When simulating data or testing algorithms, it is useful to be able to generate patterns of missing data. This article shows how to generate random and systematic patterns of missing values. In other words, this article shows how to replace nonmissing data with missing data.
Create patterns of missing data in #SAS Click To TweetGenerate a random pattern of missing values
The following SAS/IML program reads numerical data into a matrix from the Sashelp.Class data set. The matrix has 16 rows and three columns. The program then generates a matrix of the same size that contains a random pattern of zeros and ones, where about 40% of the values will be ones. The LOC function is used to find the locations of the ones, and the corresponding locations in the data are set to missing:
proc iml; use Sashelp.Class; /* read numeric data into X */ read all var _NUM_ into X; close; /* random assignment of missing values */ RandX = X; /* copy data */ p = 0.4; /* approx proportion of missing elements */ call randseed(1234); B = randfun(dimension(X), "bern", p); /* random 0s or 1s */ missIdx = loc(B=1); /* find position of 1s */ if ncol(missIdx)>0 then RandX[missIdx] = .; /* replace 1s with missing */ print RandX; |
In this way, you can replace a certain percentage of the data values with missing values.

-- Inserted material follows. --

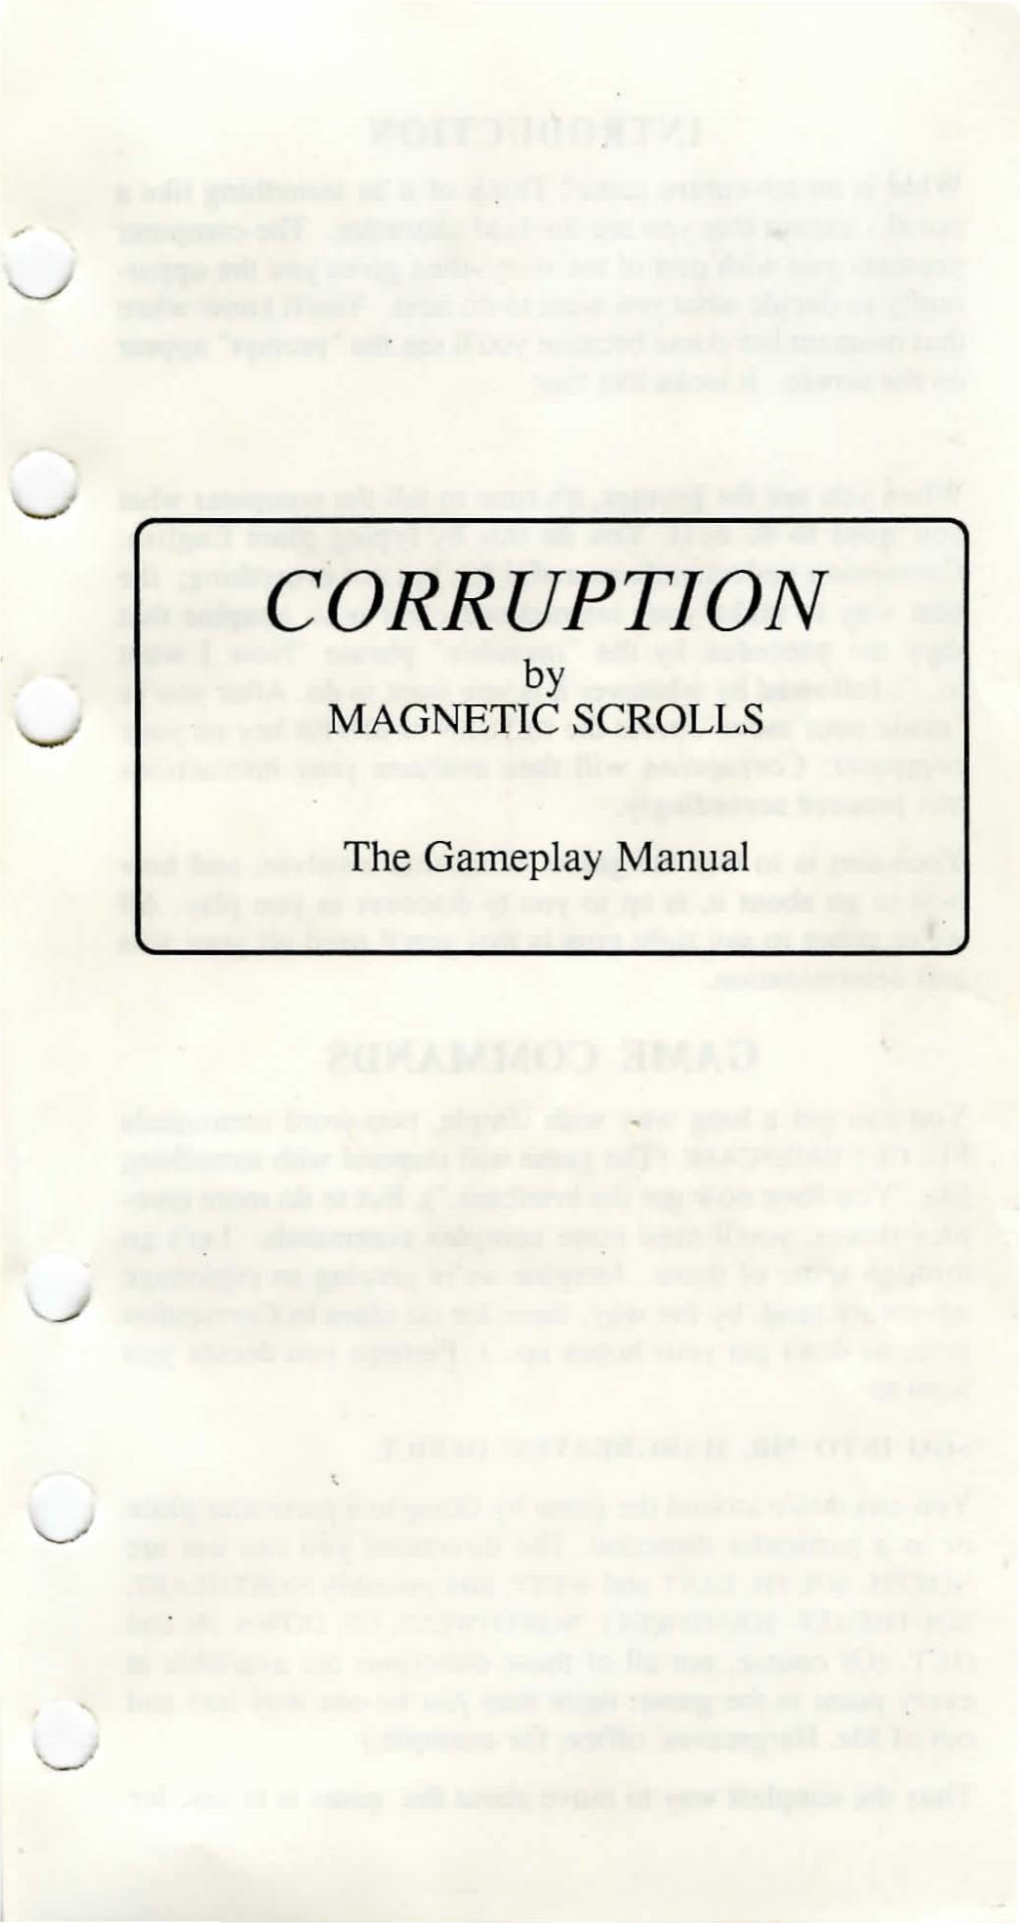 CORRUPTION by MAGNETIC SCROLLS

Generate a systematic pattern of missing values
In the preceding section, the technique for inserting missing values does not use the fact that the matrix B is random. The technique works with any zero-one matrix B that specifies a pattern of missing values. For example, you can create a matrix that contains all combinations of zeros and ones, then use that pattern to set missing values, as follows:
C = { 0 0 0, 0 0 1, 0 1 0, 0 1 1, 1 0 0, 1 0 1, 1 1 0, 1 1 1 }; /* pattern matrix */ missIdx = loc(C=1); SysX = X; /* copy data */ if ncol(missIdx)>0 then SysX[missIdx] = .; /* replace 1s with missing */ print SysX; |
You could also specify the locations of the missing values by using subscripts of the data matrix. You can use the SUB2NDX function to convert subscripts to indices.
Patterns of missing data by using the SAS DATA step
In the SAS DATA step you can use arrays to create a random pattern of missing values. For example, the following SAS data set reads numerical variables from the Sashelp.Class data and randomly assigns 40% of the data to missing values:
/* generate missing values in random locations */ data RandClass(drop=i); call streaminit(1234); set Sashelp.Class(keep=_NUMERIC_); array x {*} _numeric_; do i = 1 to dim(x); if rand("Bern", 0.4) then /* p=0.4 ==> about 40% missing */ x[i]=.; end; run; proc print; run; |
The output is not shown, but the random pattern is identical to the random pattern that was generated by using SAS/IML matrices.
You could use the DATA step to specify patterns of missing values for which there is a formula, such as every fourth data value (MOD(cnt,4)=1). However, it is less easy to generate an arbitrary pattern, such as the "all combinations" pattern in the previous section. In general, I think the SAS/IML approach is easier to use and more flexible.
For any pattern of missing values, you can use PROC MI to summarize the pattern. You can also use various graphical techniques to visualize the pattern of missing data.